The advertising press--if there is one--is so busy chasing the banal and quotidian, so fervid to capture the frenzy of yet another new media ephemera, that they are missing and not reporting on the real macro-economics that have eviscerated our industry and so many others.

Yesterday, I received a note from a noted internet friend, in response to my metaphorical post about 3-D printing. This friend had risen to the board level of a vast multi-national agency. And then, he spoke out and got himself axed.

It cost him money. But he kept his soul.

The names have been changed to protect the innocent.

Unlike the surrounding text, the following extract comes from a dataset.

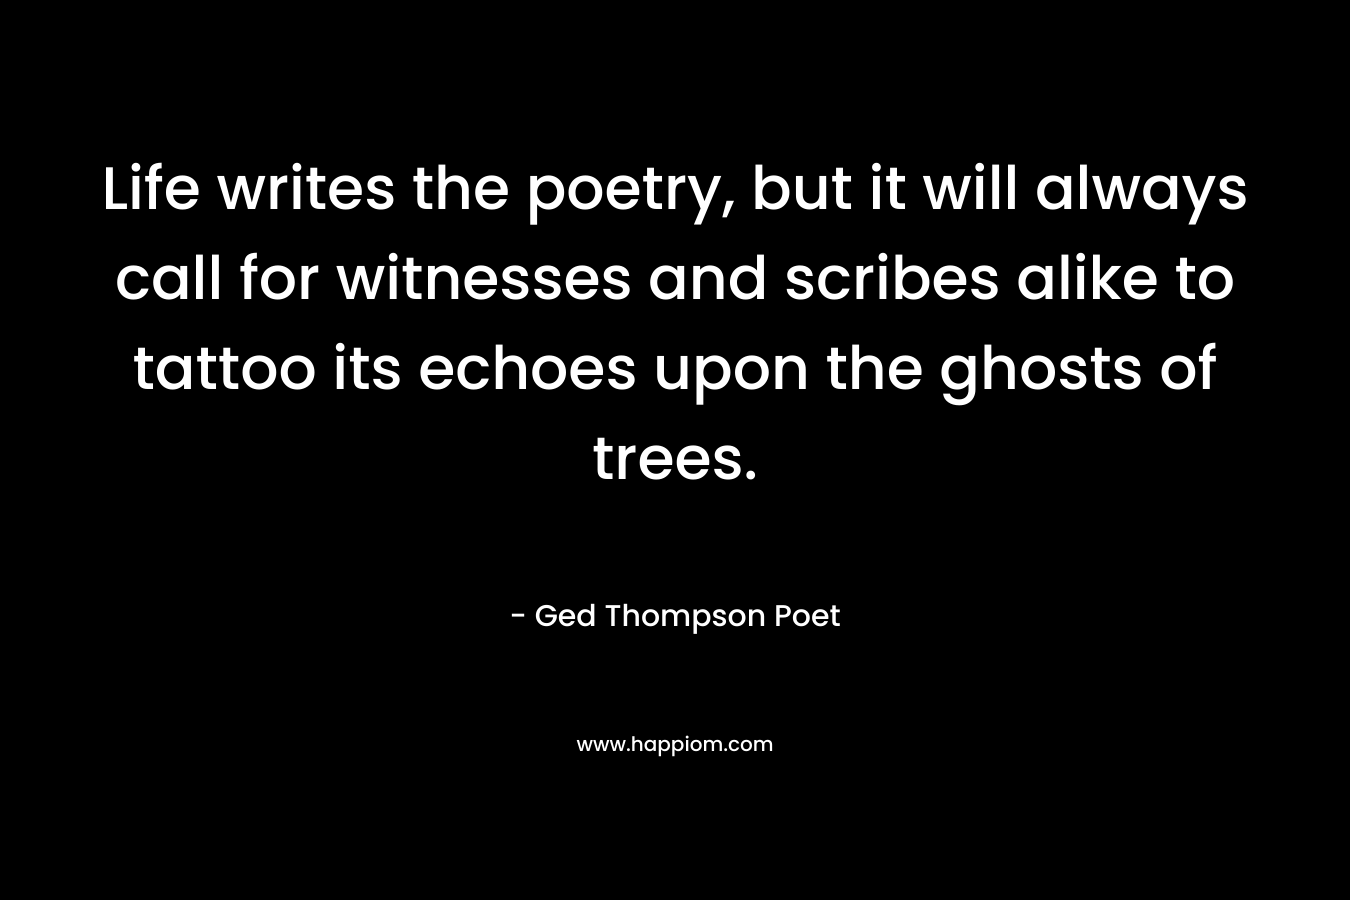 Life writes the poetry, but it will always call for witnesses and scribes alike to tattoo its echoes upon the ghosts of trees. – Ged Thompson Poet

Here's his mildly edited note:

"Your post took me back to my days when I had the misfortune to sit on _________'s Worldwide Board.

"The only time my peers would look up from their Blackberries was when the global Financial Director went through the numbers upon which their bonuses depended.

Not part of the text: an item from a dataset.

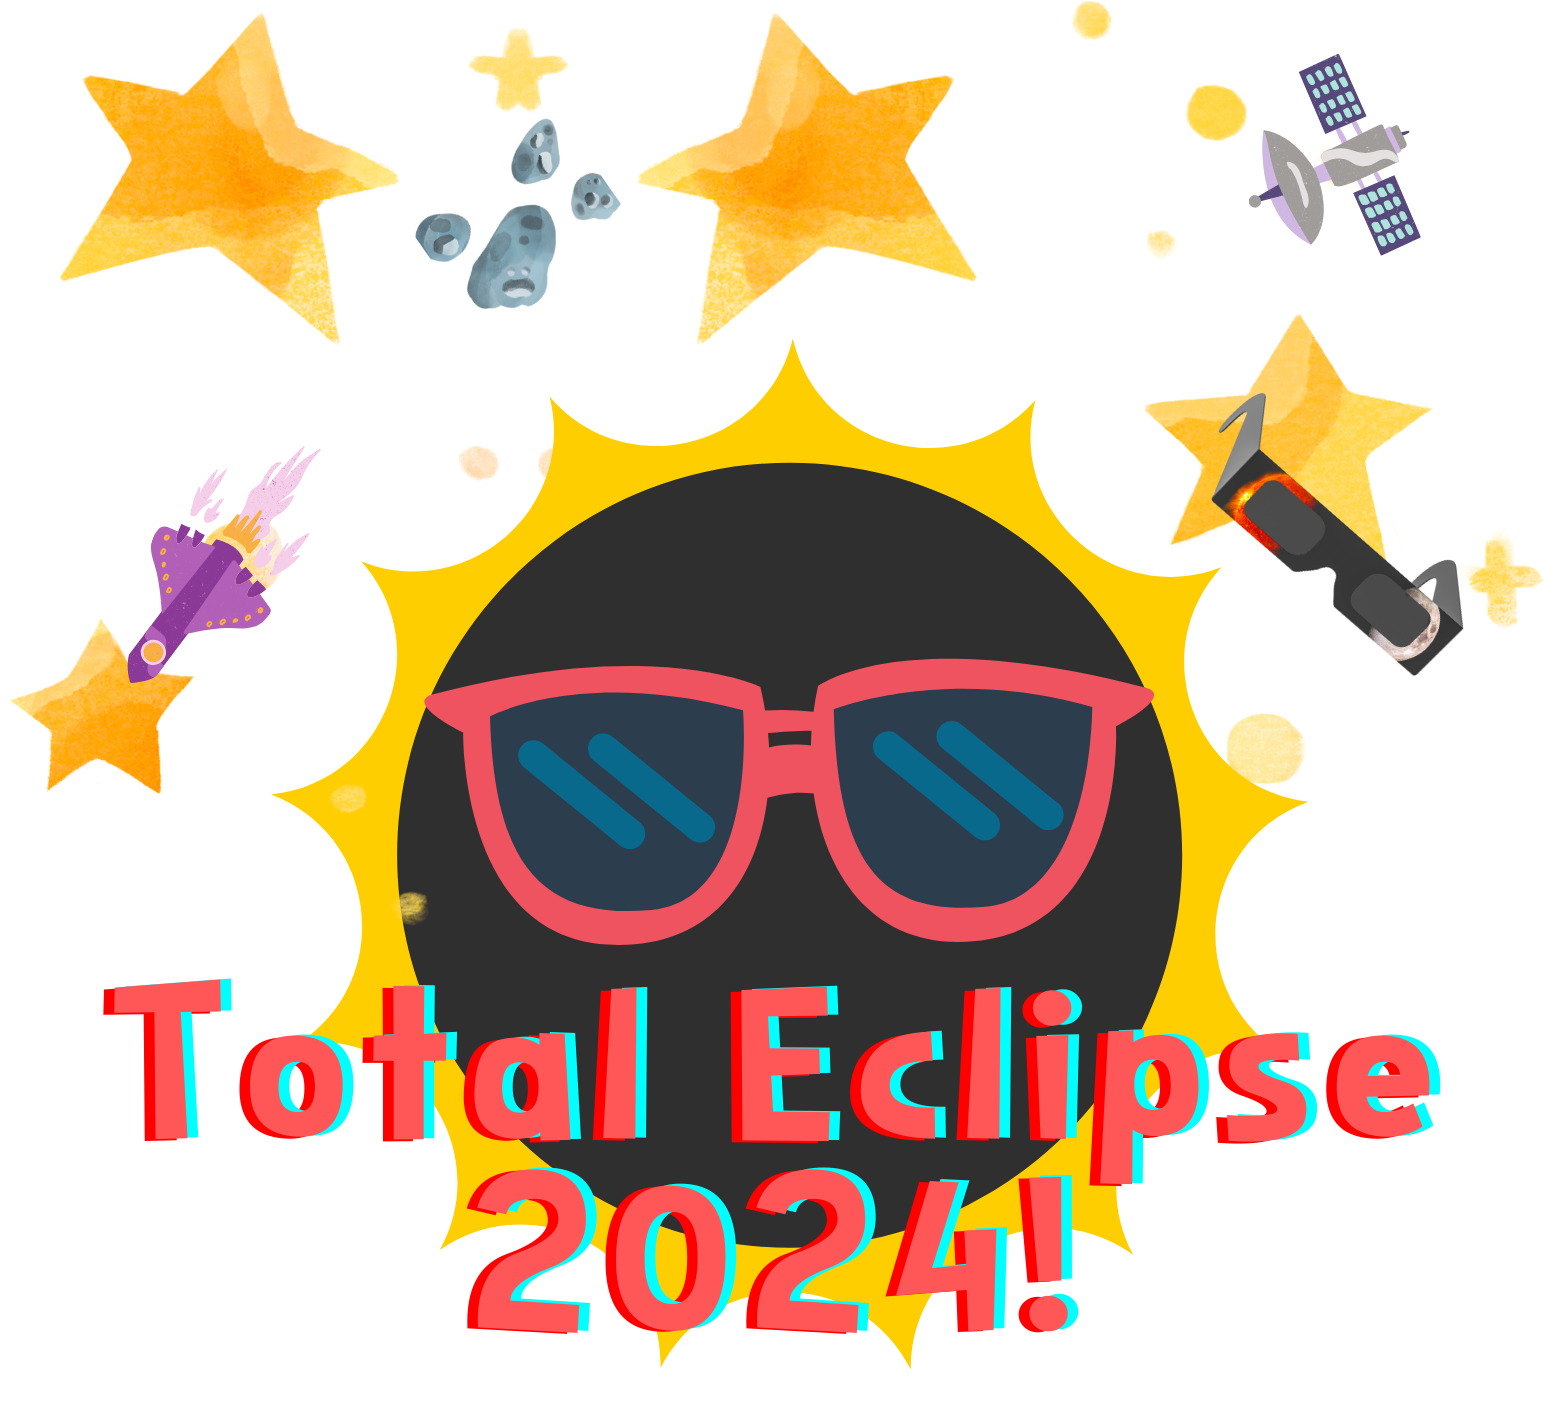 Clipart of a total eclipse with sunglasses on, surrounded by stars, rockets, probes and solar glasses. In the middle are the words "Total Eclipse 2024!"

"Never once did they evince any interest in or express any sense of responsibility for the thousands of people who worked hard to make those numbers and secure those bonuses.

"Alas their attitude was typical of the way boardrooms have been behaving across the world and across industries for the past 20 years.

"And it isn't just the folks earning $7.25 who are being treat like shit.

"It used to be said that the assets of any company went down in the lift each evening.  But over recent years things have changed and now staff are regarded simply as a cost.  And the constant aim is to keep costs down, or cut them when the profits that translate into C-Level bonuses cannot be maintained.

"Hence the ever widening gap between the panjandrums you refer to in your blog and the "squeezed middle".

"Problem is, it isn't just a monetary squeezing that the middle are experiencing.   It's also the loss of pride and status that comes with the realisation that the bosses will hire and fire regardless of skill or commitment - just to sustain their salaries and bonus payments.

"I once sent an email to the CEO of Un-named Company - and the rest of the board telling him that "a 19th century plutocrat would have been embarrassed by the autocratic way he ran the business."

"That was the start of a very enjoyable long goodbye which culminated in me telling him "he'd had too many people blowing smoke up his arse for too long and that if he objected to me swearing at him then he needed to get out more".

"It was well worth the loss of the astronomical salary I'd have earned if I'd kept quiet and joined the great hog wallow round the boardroom table.

"Five years on and a quick look at the Un-named Company's website tells me that their snouts are still in the trough.  And the squeezed middle gets ever more strung out and alienated."
"Here are a couple more thoughts about the C level carve-up of the corporate spoils.

"While the stretched middle are regarded as a cost and see ever decreasing value placed upon their contribution, those at C level have propagated the myth that their individual contribution can make or break a business.

"This rationale allows them to demand six (seven) figure salaries for switching to sectors in which they very often have absolutely no experience, bonuses for simply turning up for work, golden handshakes when they come in, and golden parachutes when the leave.

"No one at Board Level questions this, because they all have a vested interest in the racket they are running.

"The problem also proceeds from the spread of what I see as the American style of "managing upwards."

"I always thought that managers looked downwards and their first responsibility was to the people who reported to them i.e. they knew a) who was working for them, b) what they were doing, c) whether they had time and resources to do it and d) when to step in and help them complete the task.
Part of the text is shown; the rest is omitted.